La strada dei Nomadi continua tra mille concerti, anche con colleghi prestigiosi, fino alla quasi rottura della band che tra mille peripezie avverrà solo parzialmente. La morte in un incidente del bassista Dante Pergreffi, anticipa la lunga malattia che porterà con sé il leader Augusto Daolio, che si spegne a soli 45 anni nel 1992 lasciando il gruppo ed i fans nello sconforto.
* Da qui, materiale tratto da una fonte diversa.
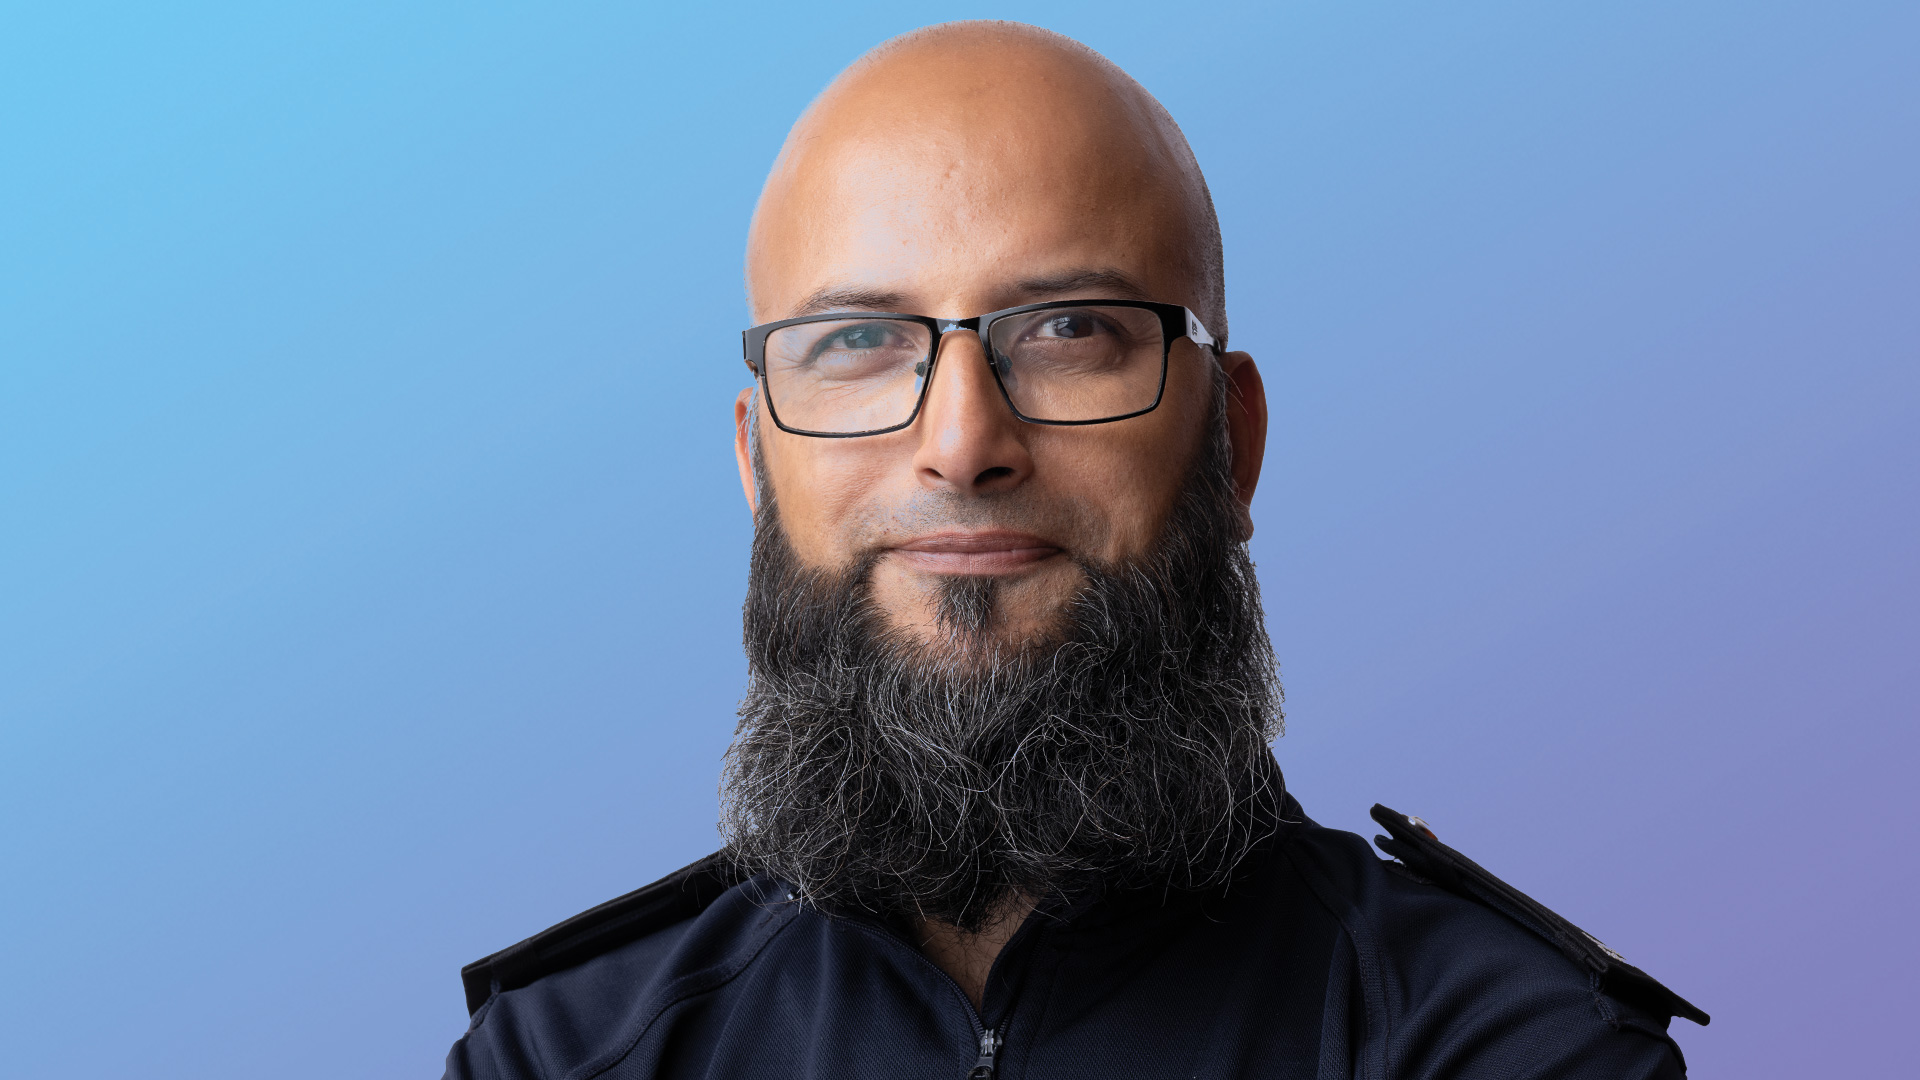 Male Immigration Officer on a blue gradient background

I Nomadi post-Augusto moltiplicano le iniziative benefiche a favore di decine di situazioni problematiche in tutto il mondo, impossibile elencarle tutte e riprendono il loro cammino sostenuti dai propri appassionati che aumentano vistosamente.
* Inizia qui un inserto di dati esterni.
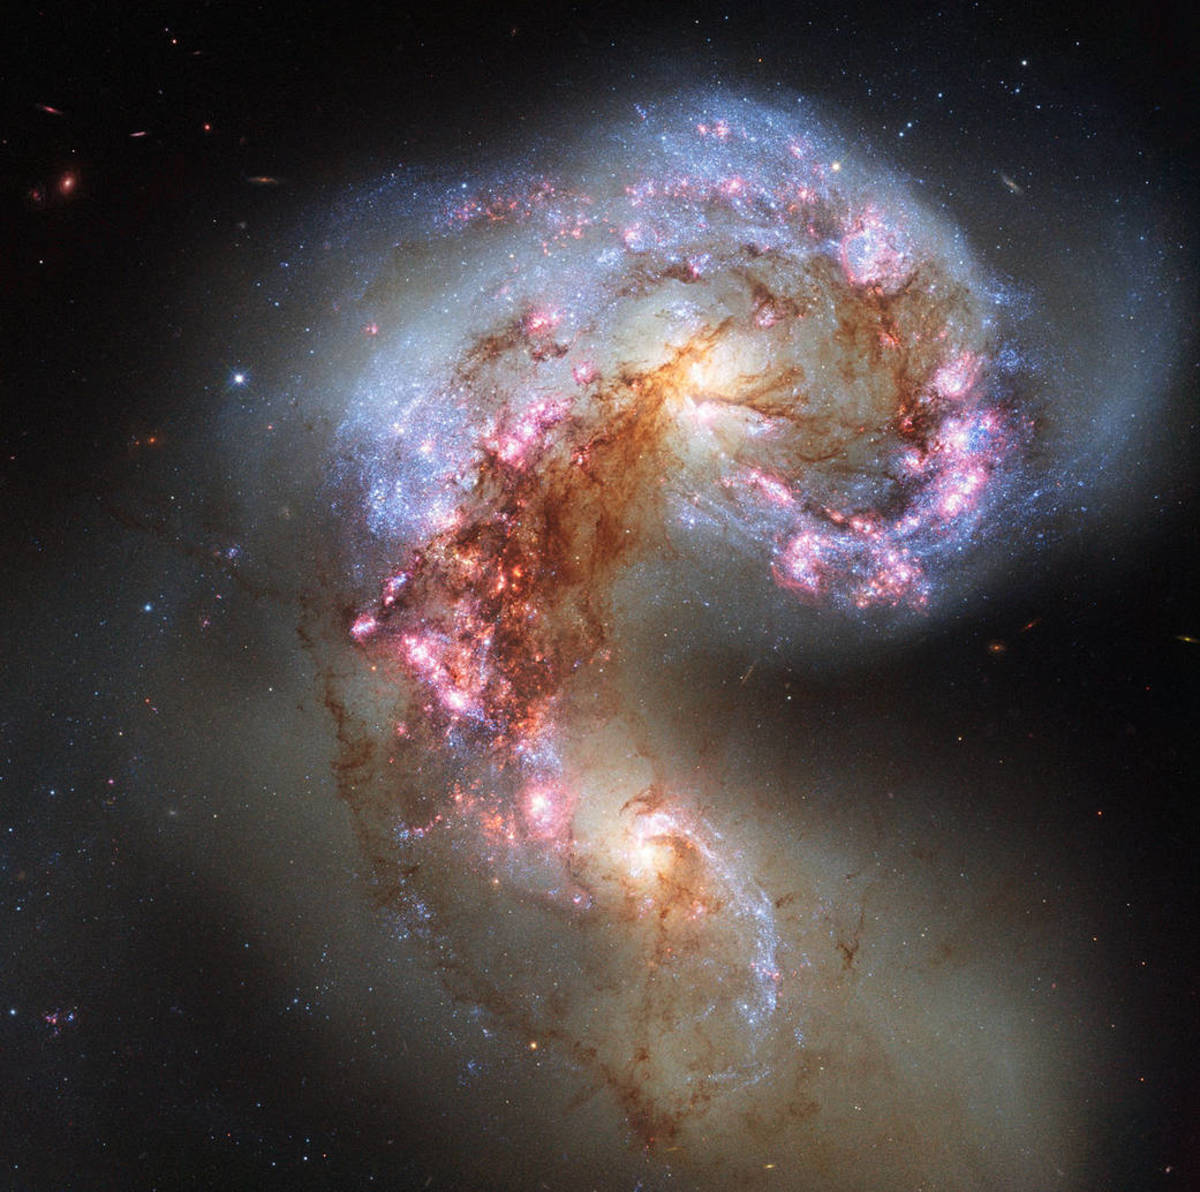 The NASA/ESA Hubble Space Telescope has snapped the best ever image of the Antennae Galaxies. Hubble has released images of these stunning galaxies twice before, once using observations from its Wide Field and Planetary Camera 2 (WFPC2) in 1997, and

La difficile eredità alla voce, viene raccolta da un nuovo cantante, Danilo Sacco, che vocalmente ricorda molto Augusto e che resterà nella band fino al 2011, quando sarà rimpiazzato da Cristiano Turato, tuttora presente.

Ogni anno si svolge il raduno nazionale dei fans a Novellara ed è impressionante vedere l’affetto smisurato che circonda questo gruppo leggendario. Al mondo, solo i Rolling Stones ed i Beach Boys possono vantare una carriera più lunga, ma questi due gruppi famosi non vantano nel loro curriculum le tantissime partecipazioni ad eventi benefici e i tanti incassi devoluti per le cause dei più deboli ed indifesi come la band emiliana. Hanno suonato in ogni angolo della penisola, la loro carovana è sempre in movimento e ad accoglierli c’è sempre un pubblico fedele e festante che fa di ogni concerto un rito suggestivo ed unico. Impegno sociale sia nei gesti che nelle canzoni quindi, ma hanno saputo anche raccontare l’amore e parlare ai giovani e della gioventù nelle sue varie forme come in un brano poco noto, ‘Michelina‘, che parla degli adolescenti che crescono tra sogni e speranze, in un mondo sempre difficile da vivere, così nel 1963 come oggi: «Nell’armadio della notte, son rinchiuse le tue stelle e di mandorle una pioggia, Michelina hai sulla pelle. Un passaggio della vita, l’esplosivo è già tagliato, la tua pelle nella seta sta fiorendo da ogni lato. Michelina. Michelina… ». Sempre Nomadi.